Abstract
1- Introduction
2- Related work
3- Preemptible instances design
4- Evaluation
5- Exploitation and integration in existing infrastructures
6- Conclusions
References
Abstract
Maximizing resource utilization by performing an efficient resource provisioning is a key factor for any cloud provider: commercial actors can maximize their revenues, whereas scientific and non-commercial providers can maximize their infrastructure utilization. Traditionally, batch systems have allowed data centers to fill their resources as much as possible by using backfilling and similar techniques.
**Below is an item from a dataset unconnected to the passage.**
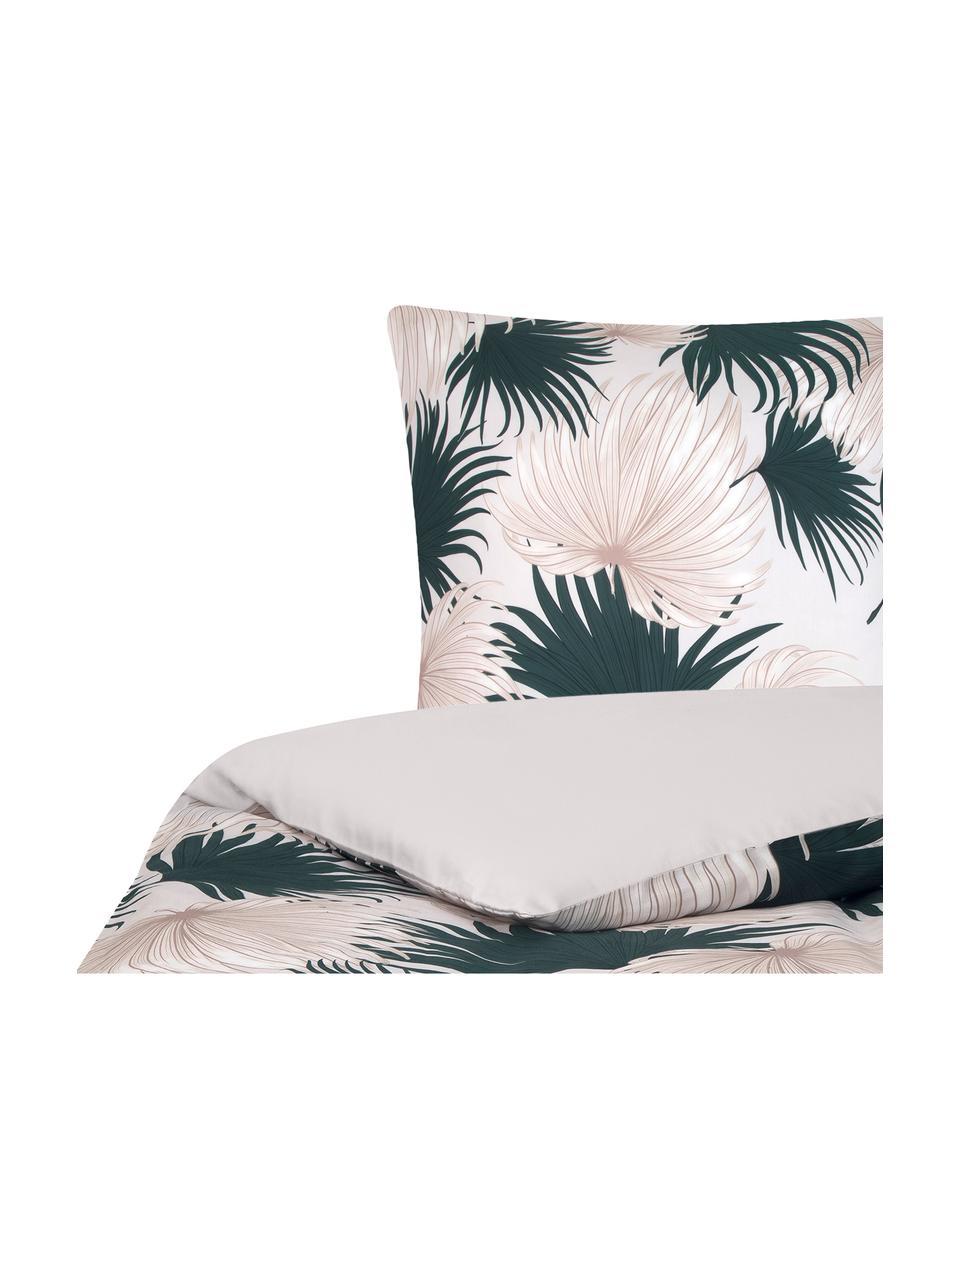 Pościel z satyny bawełnianej Aloha, Przód: beżowy, zielony Tył: beżowy, 240 x 220 cm + 2 poduszki 80 x 80 cm

However, in an IaaS cloud, where virtual machines are supposed to live indefinitely, or at least as long as the user is able to pay for them, these policies are not easily implementable. In this work we present a new scheduling algorithm for IaaS providers that is able to support preemptible instances, that can be stopped by higher priority requests without introducing large modifications in the current cloud schedulers. This scheduler enables the implementation of new cloud usage and payment models that allow more efficient usage of the resources and potential new revenue sources for commercial providers. We also study the correctness and the performance overhead of the proposed scheduler against existing solutions.
Introduction
Infrastructure as a Service (IaaS) Clouds make possible to provide computing capacity as a utility to the users following a payper-use model. This fact allows the deployment of complex execution environments without an upfront infrastructure commitment, fostering the adoption of the cloud by users that could not afford to operate an on-premises infrastructure. In this regard, Clouds are not only present in the industrial ICT ecosystem, and they are being more and more adopted by other stakeholders such as public administrations or research institutions. Indeed, clouds are nowadays common in the scientific computing field [1–4], due to the fact that they are able to deliver resources that can be configured with the complete software needed for an application [5]. Moreover, they also allow the execution of nontransient tasks, making possible to execute virtual laboratories, databases, etc. that could be tightly coupled with the execution environments. This flexibility poses a great advantage against traditional computational models – such as batch systems or even Grid computing – where a fixed operating system is normally imposed and any complimentary tools (such as databases) need to be selfmanaged outside the infrastructure. This fact is pushing scientific datacenters outside their traditional boundaries, evolving into a mixture of services that deliver more added value to their users, with the Cloud as a prominent actor. Scientific cloud resource providers must face different resource scheduling challenges when compared with commercial providers. One important aspect is that normally, science cloud users do not usually pay for these resources – or at least they are not charged directly – for their consumption, and normally resources are paid via other indirect methods (like access grants), with users tending to assume that resources are for free. On the one hand traditional scientific computing facilities tend to work on a fully saturated manner, aiming at the maximum possible resource utilization level. However, on the other hand, cloud promises on-demand and interactive access to the resources, and as a matter of fact, this is being considered as one of the post promising facts of the cloud computing model [4]. These two aspects seem to be contradictory, as a saturated infrastructure cannot react to on-demand requests with ease. In this context, scheduling mechanisms and strategies that allow for a mixed allocation model become fundamental [6].